For a central force problem is always possible to demonstrate that the complete movement will be constrained over a plane, so a suitable choice of coordinates will reduce the position to $\vec{r} = (x, y)$ and the previous equation yields:

\frac{d^2}{dt^2}x(t) = -G\frac{M}{r^2}\hat{u}_r\cdot \hat{u}_x

\frac{d^2}{dt^2}y(t) = -G\frac{M}{r^2}\hat{u}_r\cdot \hat{u}_y

where $\hat{u}_x$ and $\hat{u}_y$ are unitary vectors of the cartesian system. Note this set of equations does not depend on the mass of the small body.

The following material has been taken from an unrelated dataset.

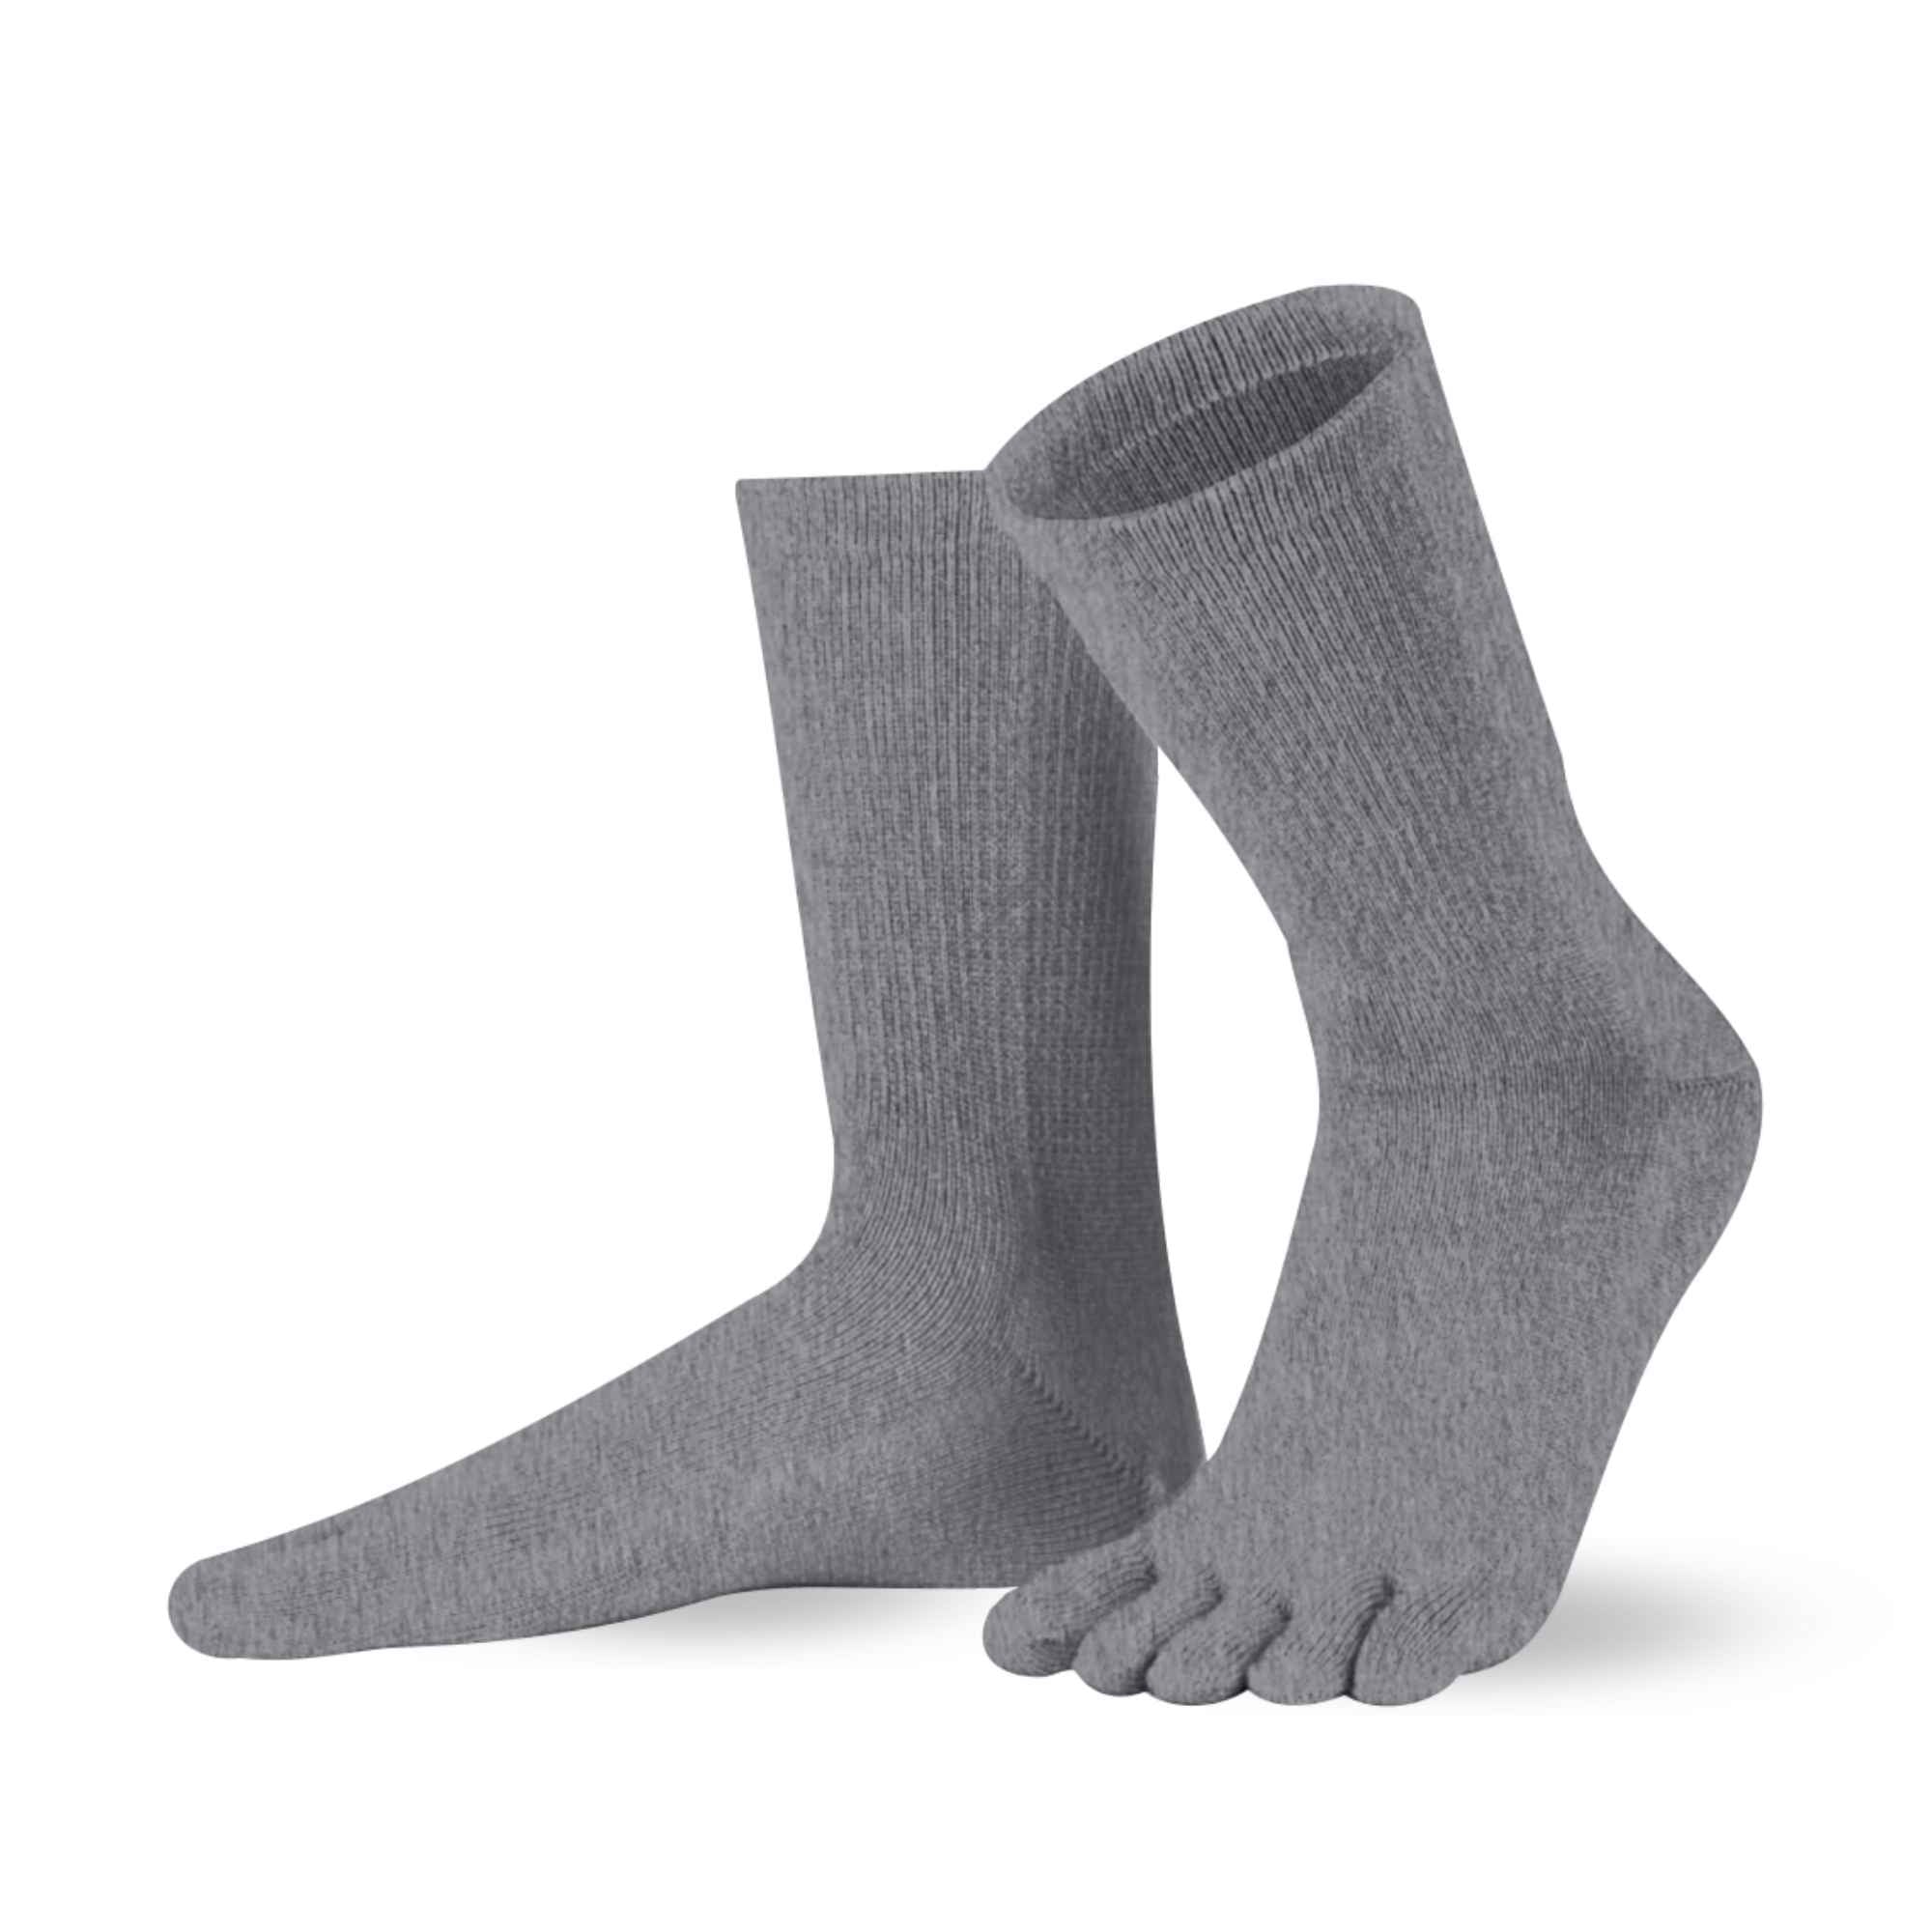 Cotton & Merino , longueur mollet - Knitido®. Le chaussettes à orteils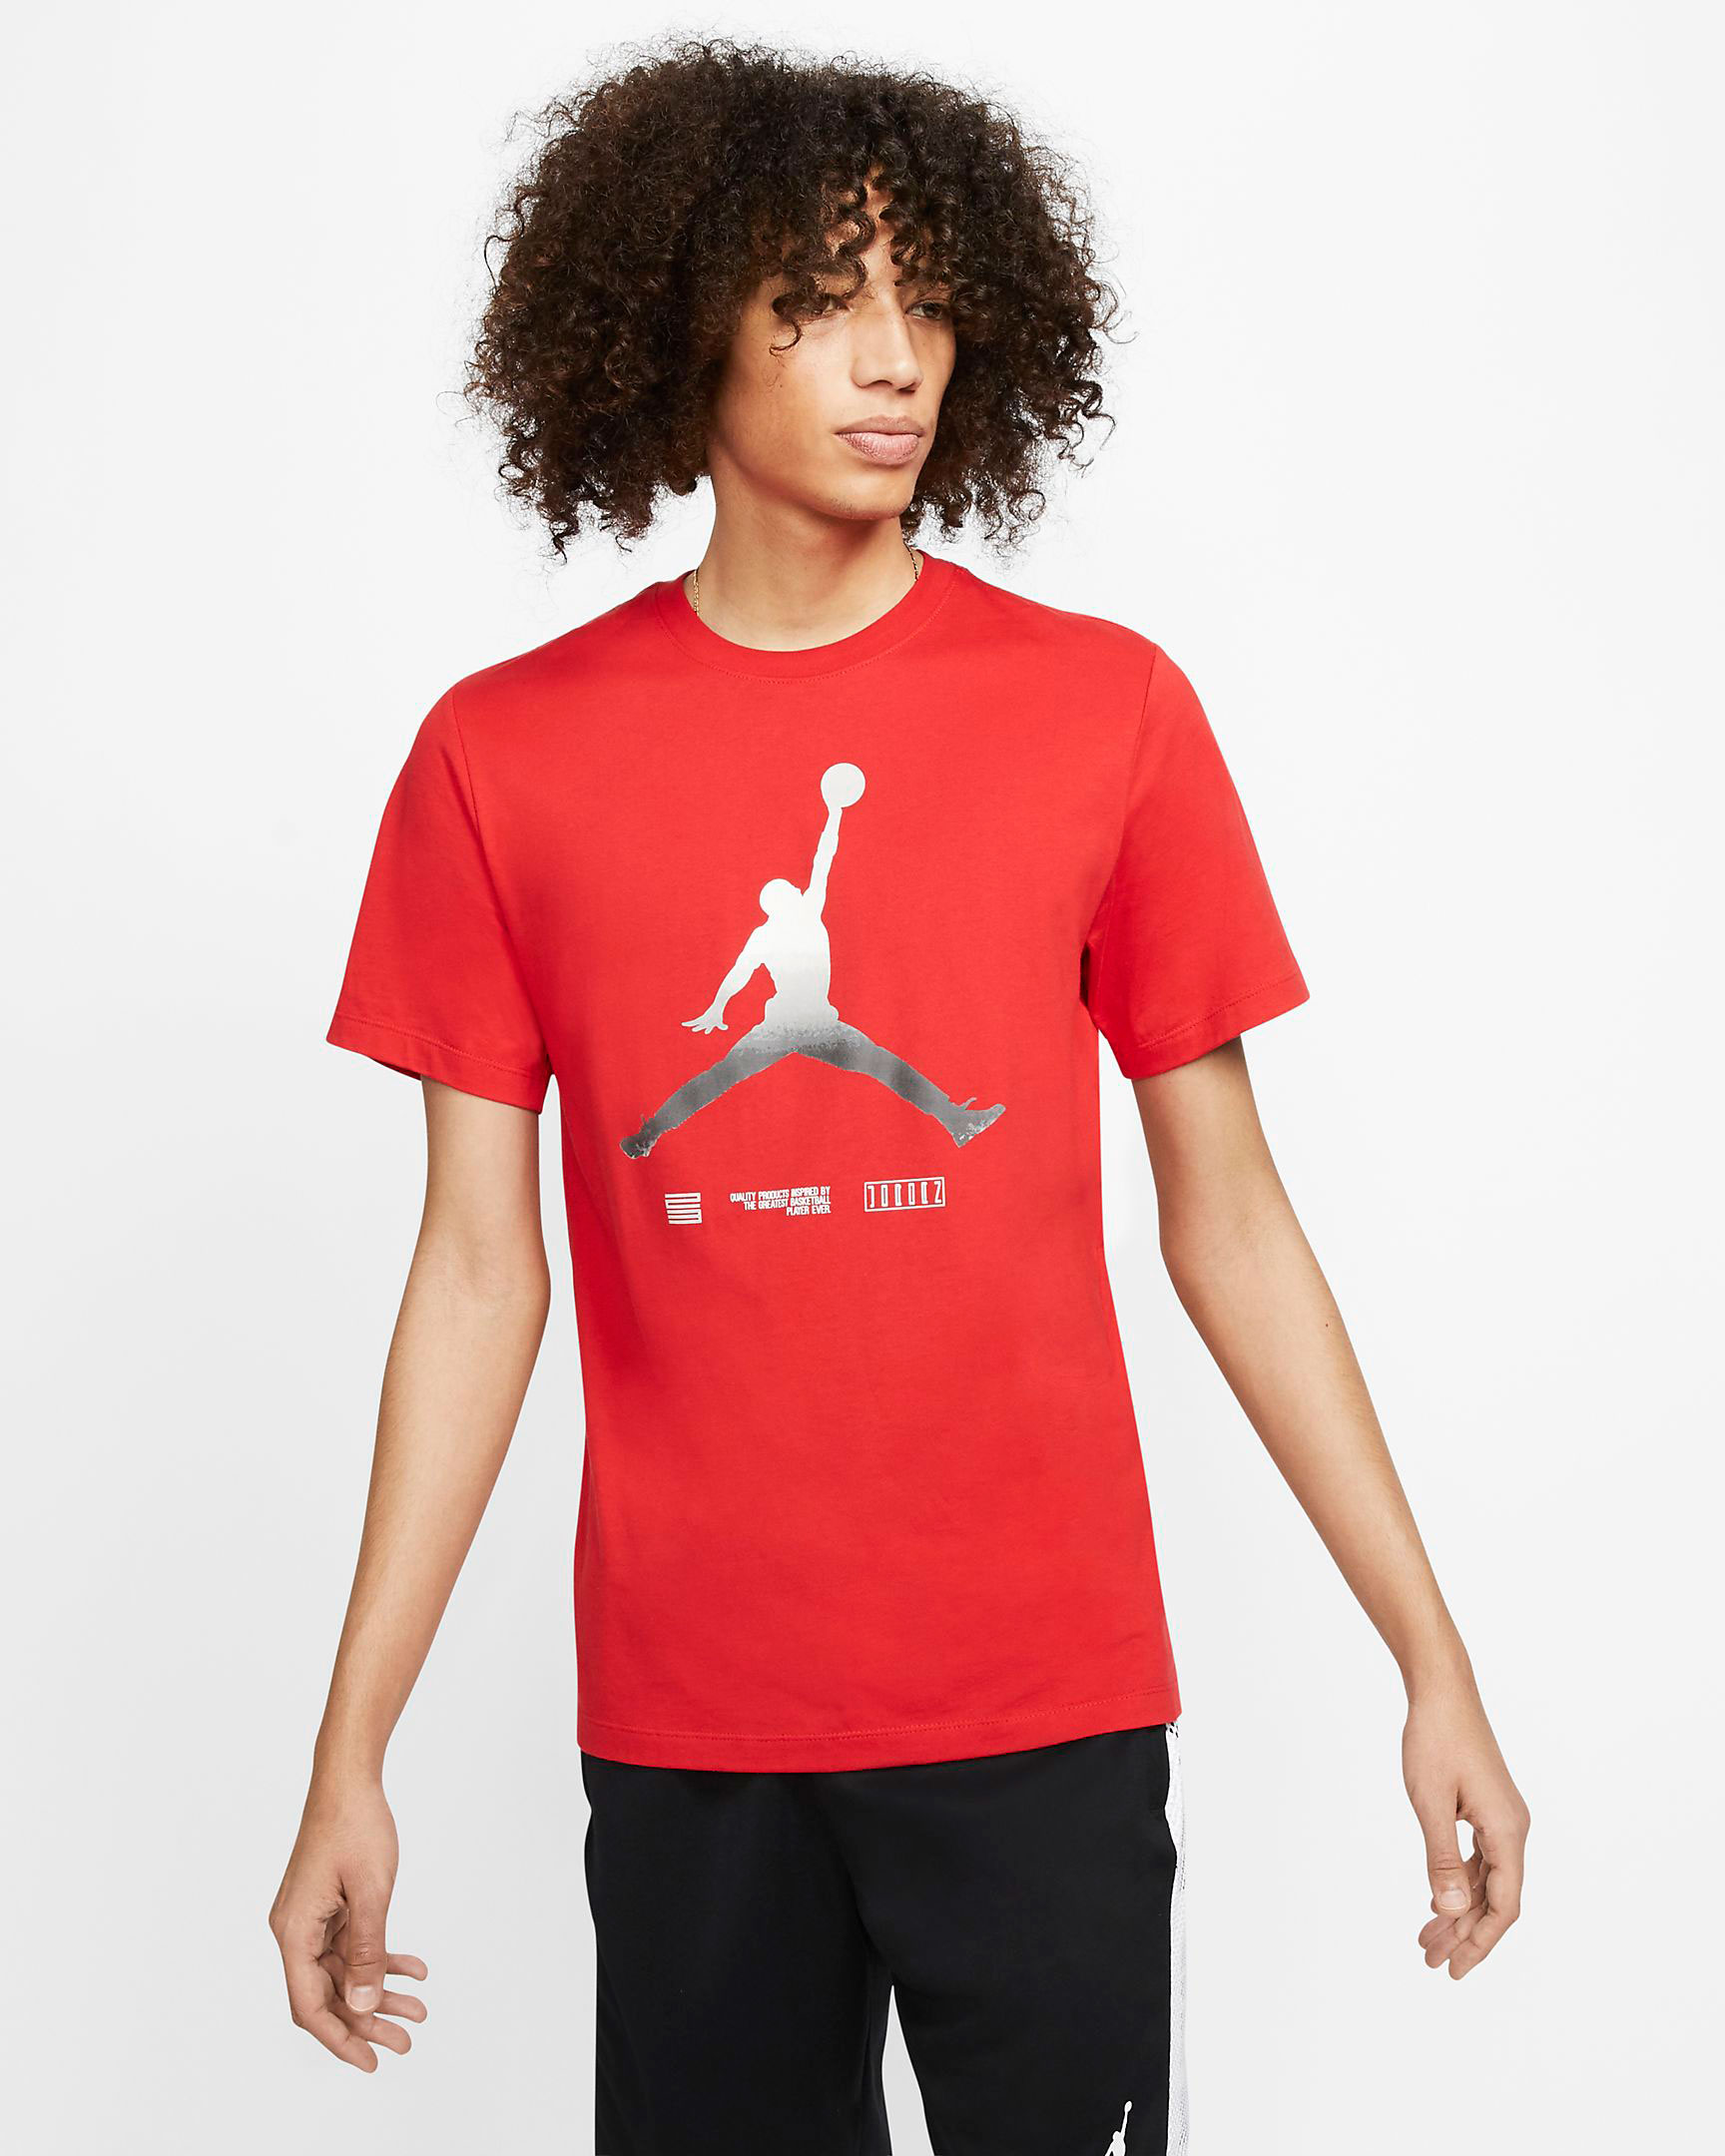 jordan-11-low-concord-bred-jumpman-shirt-red

From the previous figure, and defining the velocities in $v_x$ and $v_y$ we obtain:

\hat{u}_r\cdot \hat{u}_x = \cos(\varphi) = \frac{x}{r}

\hat{u}_r\cdot \hat{u}_y = \sin(\varphi) = \frac{y}{r}

to get finally

\frac{d}{dt}v_x(t) = -G\frac{M}{r^3}x

\frac{d}{dt}x(t) = v_x(t)

\frac{d}{dt}v_y(t) = -G\frac{M}{r^3}y

\frac{d}{dt}y(t) = v_y(t)

Leap-frog Integration

The leap-frog scheme is an integration method inteded to solve differential equations associated to physical problems with implicit conservations laws (e.g. mechanical problems where the total energy is conserved). For this, suppose a problem of the form:

\frac{d}{dt}x(t) = v(t)

\frac{d}{dt}v(t) = F(x)

The leap-frog scheme gives the approximate solution through the next set of iterative expressions:

x_{i+1} = x_i + v_i\Delta t + \frac{1}{2}F(x_i)\Delta t^2

v_{i+1} = v_i + \frac{1}{2}[F(x_i)+F(x_{i+1})]\Delta t

where $x_{i}$ denotes the position in the time $t_i = a + i\times \Delta t$ , and $a$ is the initial time. The solution given by this procedure is less sensible to numerical losses of energy, unlike ordinary methods like Euler.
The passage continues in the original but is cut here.